(Records supplied)

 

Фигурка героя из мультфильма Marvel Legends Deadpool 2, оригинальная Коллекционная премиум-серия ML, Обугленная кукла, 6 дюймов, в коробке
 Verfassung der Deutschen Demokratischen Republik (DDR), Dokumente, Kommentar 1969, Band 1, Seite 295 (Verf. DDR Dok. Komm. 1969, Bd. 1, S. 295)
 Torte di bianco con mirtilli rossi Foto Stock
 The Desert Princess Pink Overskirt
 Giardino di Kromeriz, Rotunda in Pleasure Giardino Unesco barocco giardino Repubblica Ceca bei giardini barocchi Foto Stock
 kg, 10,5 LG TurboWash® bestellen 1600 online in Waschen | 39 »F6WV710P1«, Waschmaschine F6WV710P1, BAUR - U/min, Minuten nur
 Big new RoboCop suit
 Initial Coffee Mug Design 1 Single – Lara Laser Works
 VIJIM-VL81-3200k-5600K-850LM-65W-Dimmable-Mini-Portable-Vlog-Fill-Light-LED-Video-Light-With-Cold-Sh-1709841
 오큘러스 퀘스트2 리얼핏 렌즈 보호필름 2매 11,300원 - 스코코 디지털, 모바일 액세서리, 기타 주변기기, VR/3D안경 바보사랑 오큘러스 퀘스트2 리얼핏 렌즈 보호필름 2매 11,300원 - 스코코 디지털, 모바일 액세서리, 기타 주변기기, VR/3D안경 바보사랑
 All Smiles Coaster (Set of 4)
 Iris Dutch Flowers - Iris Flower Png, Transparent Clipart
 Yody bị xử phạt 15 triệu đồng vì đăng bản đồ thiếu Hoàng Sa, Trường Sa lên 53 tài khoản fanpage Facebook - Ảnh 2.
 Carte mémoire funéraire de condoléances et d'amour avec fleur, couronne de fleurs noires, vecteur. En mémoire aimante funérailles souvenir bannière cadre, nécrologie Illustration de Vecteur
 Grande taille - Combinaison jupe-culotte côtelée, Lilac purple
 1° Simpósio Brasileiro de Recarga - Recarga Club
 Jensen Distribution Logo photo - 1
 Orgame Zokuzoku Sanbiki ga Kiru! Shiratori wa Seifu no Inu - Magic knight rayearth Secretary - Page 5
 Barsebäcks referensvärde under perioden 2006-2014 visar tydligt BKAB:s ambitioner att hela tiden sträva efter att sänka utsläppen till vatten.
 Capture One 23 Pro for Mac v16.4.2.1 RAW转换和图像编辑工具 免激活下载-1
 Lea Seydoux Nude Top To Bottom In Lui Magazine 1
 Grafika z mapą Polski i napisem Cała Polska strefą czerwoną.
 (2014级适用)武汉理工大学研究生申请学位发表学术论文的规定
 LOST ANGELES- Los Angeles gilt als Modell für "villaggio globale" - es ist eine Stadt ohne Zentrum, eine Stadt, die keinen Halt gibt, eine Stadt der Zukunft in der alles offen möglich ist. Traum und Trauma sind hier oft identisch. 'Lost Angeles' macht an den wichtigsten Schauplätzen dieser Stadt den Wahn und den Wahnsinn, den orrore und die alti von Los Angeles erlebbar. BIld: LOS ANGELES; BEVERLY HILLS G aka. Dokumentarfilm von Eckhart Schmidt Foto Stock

(End Records supplied)

## What this task involves
Wherever the string "Stock" appears in the data above, copy the line it sits in.

## Answer space
 Torte di bianco con mirtilli rossi Foto Stock
 Giardino di Kromeriz, Rotunda in Pleasure Giardino Unesco barocco giardino Repubblica Ceca bei giardini barocchi Foto Stock
 LOST ANGELES- Los Angeles gilt als Modell für "villaggio globale" - es ist eine Stadt ohne Zentrum, eine Stadt, die keinen Halt gibt, eine Stadt der Zukunft in der alles offen möglich ist. Traum und Trauma sind hier oft identisch. 'Lost Angeles' macht an den wichtigsten Schauplätzen dieser Stadt den Wahn und den Wahnsinn, den orrore und die alti von Los Angeles erlebbar. BIld: LOS ANGELES; BEVERLY HILLS G aka. Dokumentarfilm von Eckhart Schmidt Foto Stock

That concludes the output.